**** MATERIAL SUPPLIED ****

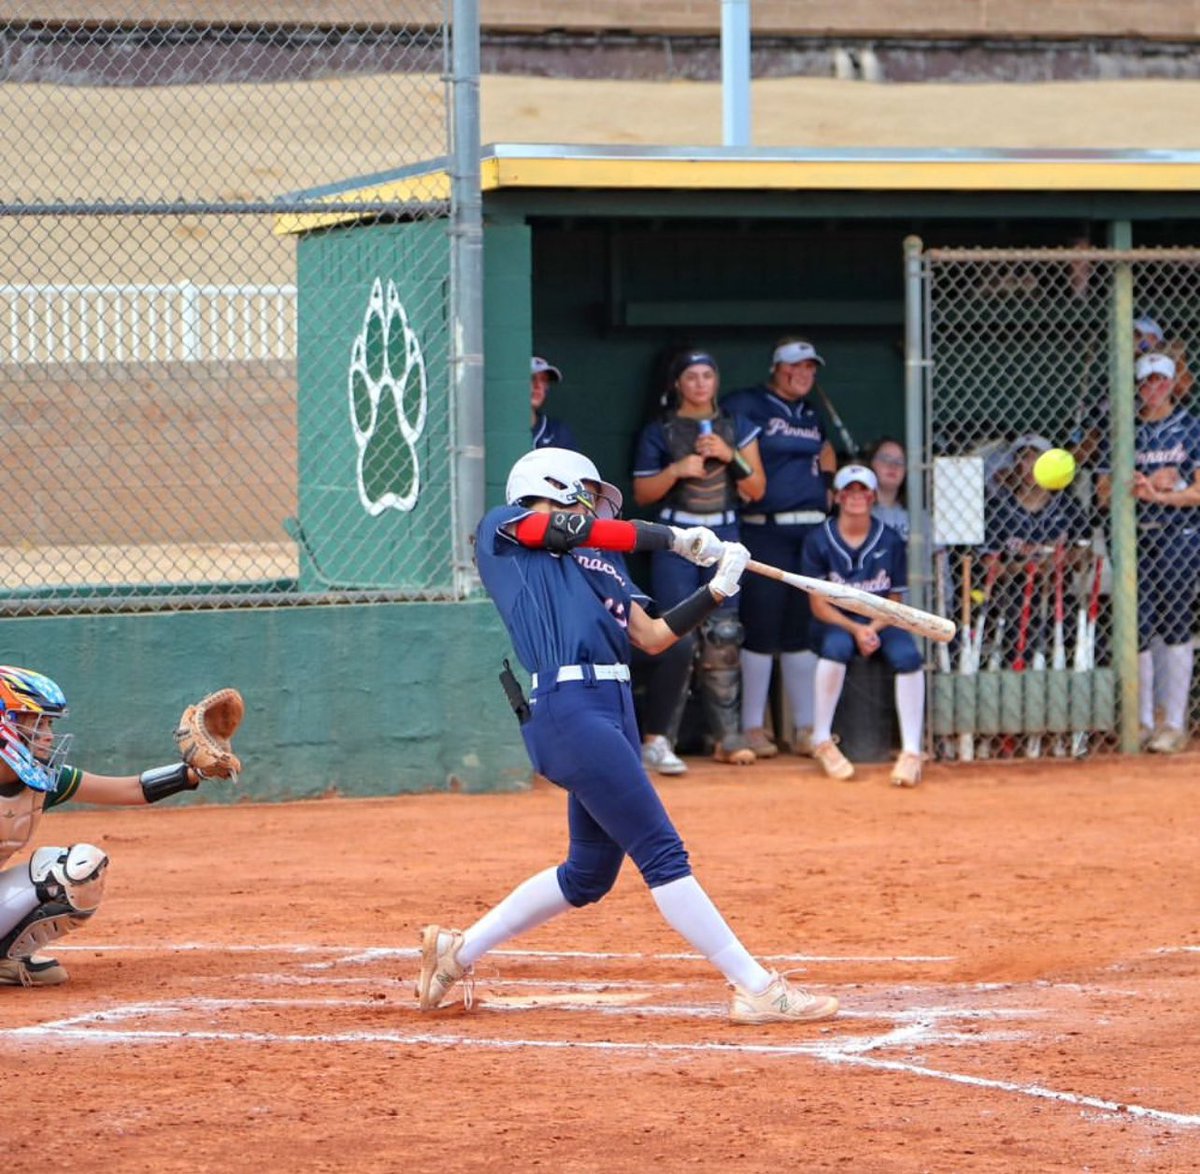 Sienna Caro 💪🏻👑🥎 AZ Storm National Mathis 18u
- PGF ALL- American game finalist c/o 2026
- 4.3 GPA
- .395 Batting AVG
- 73 RBI’s on 64 hits
- 13 2B, 5 3B, & 12 HR as a sophomore
- SLG .883 with a 1.315 OPS

#strongtogether
#stormplayersreadyforcollege
#aprovenmodelthatworks

****

» WORK TO BE COMPLETED
Everything before the line containing "- .395 Batting AVG" stays out. Write out that line and the rest of the entries exactly.

» RESULT OF THIS EXERCISE
- .395 Batting AVG
- 73 RBI’s on 64 hits
- 13 2B, 5 3B, & 12 HR as a sophomore
- SLG .883 with a 1.315 OPS

#strongtogether
#stormplayersreadyforcollege
#aprovenmodelthatworks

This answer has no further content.